Additionally, we expect that existing laws, regulations, standards, and other obligations may be interpreted in new and differing manners in the future, and may be inconsistent among jurisdictions. Future laws, regulations, standards, and other obligations, and changes in the interpretation of existing laws, regulations, standards, and other obligations could result in increased regulation, increased costs of compliance and penalties for non-compliance, and limitations on data collection, use, disclosure, and transfer for us and our customers. The European Union and United States agreed in 2016 to a framework for data transferred from the European Union to the United States, called the Privacy Shield, but this framework has been challenged by private parties and may face additional challenges by national regulators or additional private parties. Additionally, the GDPR became effective in May 2018. The GDPR establishes, and the pending European Union ePrivacy Regulation is expected to establish, new requirements applicable to the handling of personal data and imposes penalties for non-compliance of up to the greater of €20 million or 4% of worldwide revenue. Additionally, in June 2018, California passed the California Consumer Privacy Act (CCPA) which provides new data privacy rights for consumers and new operational requirements for companies effective in 2020. The costs of compliance with, and other burdens imposed by, the GDPR, CCPA
and other U.S., European Union, China (including the Cybersecurity Law of China) and foreign laws may limit the use and adoption of our products and services and could have an adverse impact on our business.
The costs of compliance with, and other burdens imposed by, laws and regulations relating to privacy, data protection, and information security that are applicable to the businesses of our customers may adversely affect our customers’ ability and willingness to process, handle, store, use, and transmit certain types of information, such as demographic and other personal information, of their customers using our solution, which could limit the use, effectiveness, and adoption of our solution and reduce overall demand. In addition, the other bases on which we and our customers rely for the transfer of personal data across national borders, such as the Standard Contractual Clauses promulgated by the EU Commission Decision 2010/87/EU, commonly referred to as the Model Clauses, continue to be subjected to regulatory and judicial scrutiny. If the United Kingdom departs from the European Union, the ability to conduct business and transfer personal data between the United Kingdom, the European Union and other countries may be negatively impacted due to uncertainty and the time and costs to put in place new bases on which we and our customers can rely for the transfer of personal data. If we or our customers are unable to transfer data between and among countries and regions in which we operate, it could decrease demand for our solution, require us to modify or restrict our solution, products, services, or operations, and impair our ability to maintain and grow our customer base and increase our revenue. With respect to any changes we consider necessary or appropriate to make to our solution, products, services, or practices in an effort to comply, or allow our customers to comply, with laws, regulations, or other obligations relating to privacy, data protection, or information security, we may be unable to make those changes in a commercially reasonable manner, in a timely fashion, or at all. Even the perception of privacy concerns, whether or not valid, may inhibit the adoption, effectiveness, or use of our solution.

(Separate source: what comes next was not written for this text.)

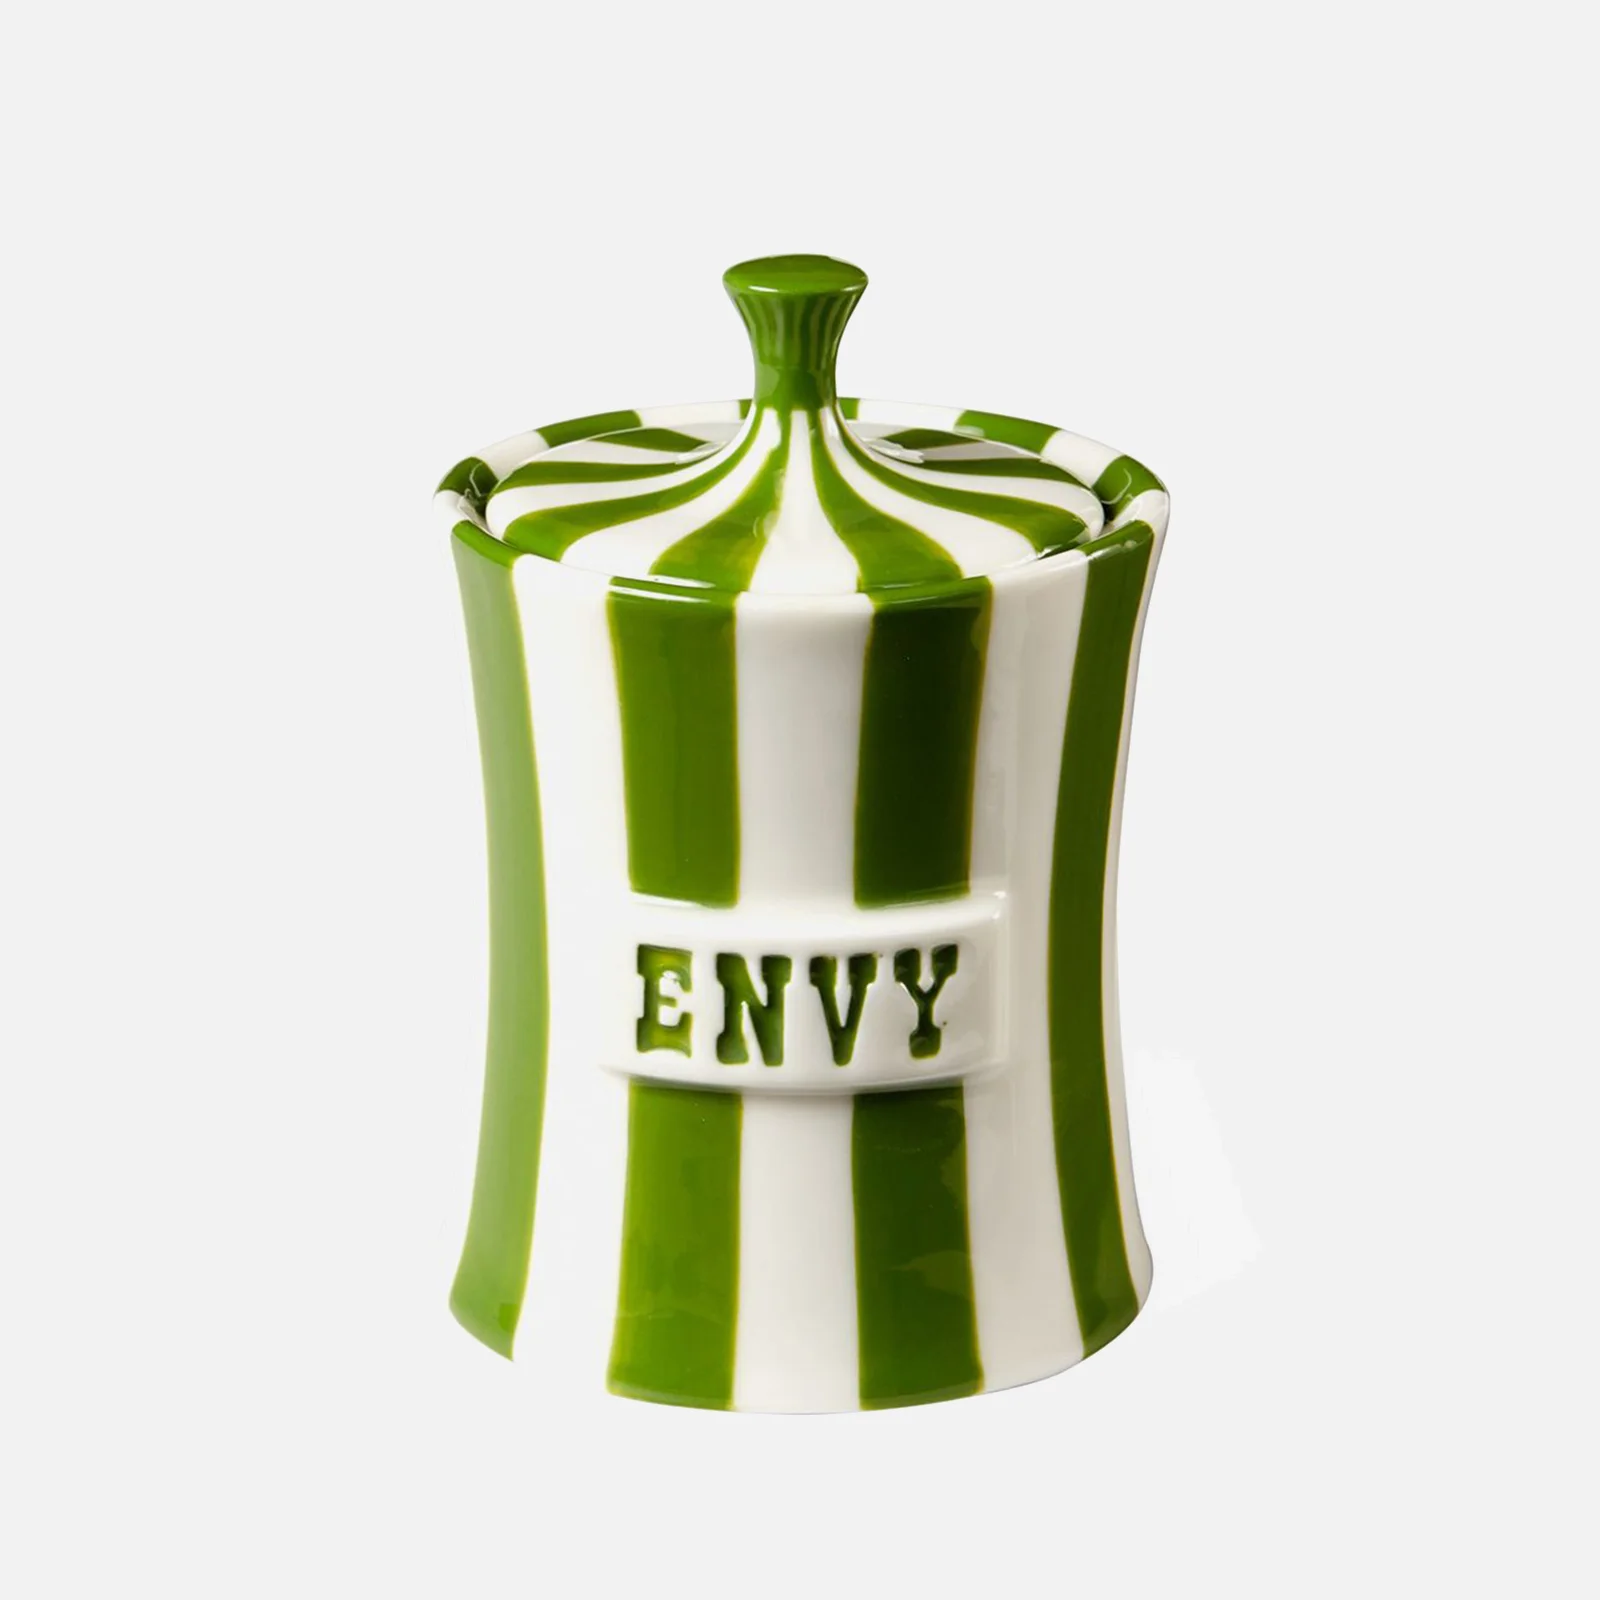 Jonathan Adler Vice Candle - Envy - Green Image 1

In addition to government activity, privacy advocacy groups, the technology industry, and other industries have established or may establish various new, additional, or different self-regulatory standards that may place additional burdens on us. Our customers may expect us to meet voluntary certifications or adhere to other standards established by them or third parties, and we may be required or otherwise find it advisable to obtain these certifications or adhere to these standards. If we are unable to maintain these certifications or meet these standards, it could reduce demand for our solution and adversely affect our business.

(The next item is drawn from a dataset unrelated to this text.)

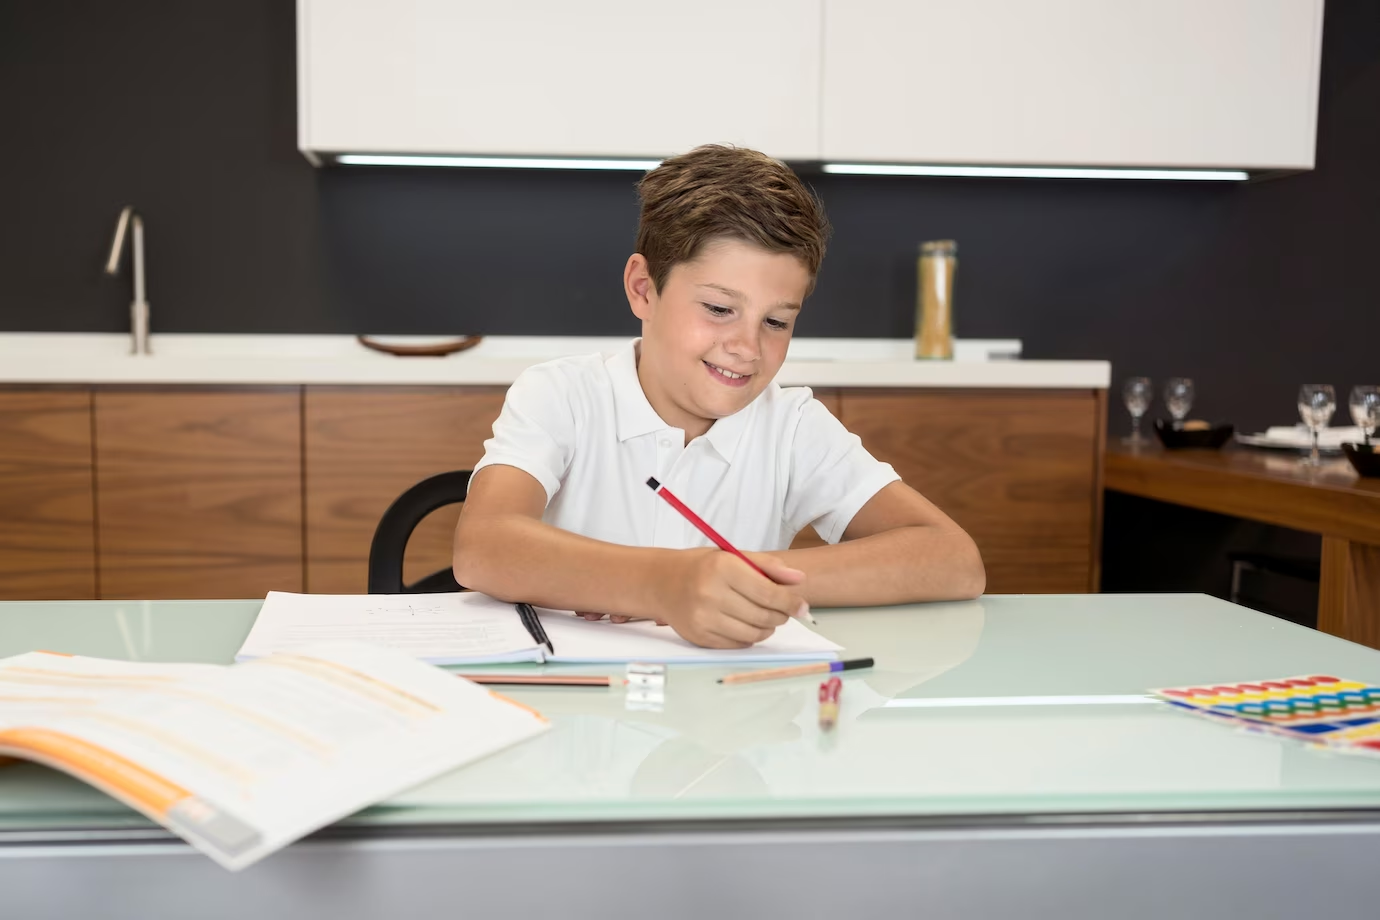 A kid writing an essay

Failure to comply with anti-corruption and anti-money laundering laws, including the FCPA and similar laws associated with our activities outside of the United States, could subject us to penalties and other adverse consequences.
We are subject to the FCPA, the U.S. domestic bribery statute contained in 18 U.S.C. § 201, the U.S. Travel Act, the USA PATRIOT Act, the UK Bribery Act, and possibly other anti-bribery and anti-money laundering laws in countries in which we conduct activities. We face significant risks if we fail to comply with the FCPA and other anti-corruption laws that prohibit companies and their employees and third-party intermediaries from promising, authorizing, offering, or providing, directly or indirectly, improper payments or benefits to foreign government officials, political parties, and private-sector recipients for the purpose of obtaining or retaining business, directing business to any person, or securing any advantage. In many foreign countries, particularly in countries with developing economies, it may be a local custom that businesses engage in practices that are prohibited by the FCPA or other applicable laws and regulations. In addition, we use various third parties to sell our solution and conduct our business abroad. We or our third-party intermediaries may have direct or indirect interactions with officials and employees of government agencies or state-owned or affiliated entities and we can be held liable for the corrupt or other illegal activities of these third-party intermediaries, our employees, representatives, contractors, partners, and agents, even if we do not explicitly authorize such activities. We have implemented an anti-corruption compliance program but cannot assure you that all of our employees and agents, as well as those companies to which we outsource certain of our business operations, will not take actions in violation of our policies and applicable law, for which we may be ultimately held responsible.
Any violation of the FCPA, other applicable anti-corruption laws, and anti-money laundering laws could result in whistleblower complaints, adverse media coverage, investigations, loss of export privileges, or severe criminal or civil sanctions, which could have a materially adverse effect on our reputation, business, operating results, and prospects. In addition, responding to any enforcement action may result in a significant diversion of management’s attention and resources, significant defense costs, and other professional fees.
We are required to comply with governmental export control laws and regulations. Our failure to comply with these laws and regulations could have an adverse effect on our business and operating results.
Our solution is subject to governmental, including United States and European Union, export control laws and regulations, and as a U.S. company we are covered by the U.S. sanctions regulations. U.S. export control and economic sanctions laws and regulations prohibit the shipment of certain products and services to U.S. embargoed or sanctioned countries, governments, and persons, and complying with export control and sanctions regulations for a particular sale may be
time-consuming and may result in the delay or loss of sales opportunities. While we take precautions to prevent our solution from being exported in violation of these laws or engaging in any other activities that are subject to these regulations, if we were to fail to comply with U.S. export laws, U.S. Customs regulations and import regulations, U.S. economic sanctions, and other countries’ import and export laws, we could be subject to substantial civil and criminal penalties, including fines for the company, incarceration for responsible employees and managers, and the possible loss of export or import privileges as well as incur reputational harm.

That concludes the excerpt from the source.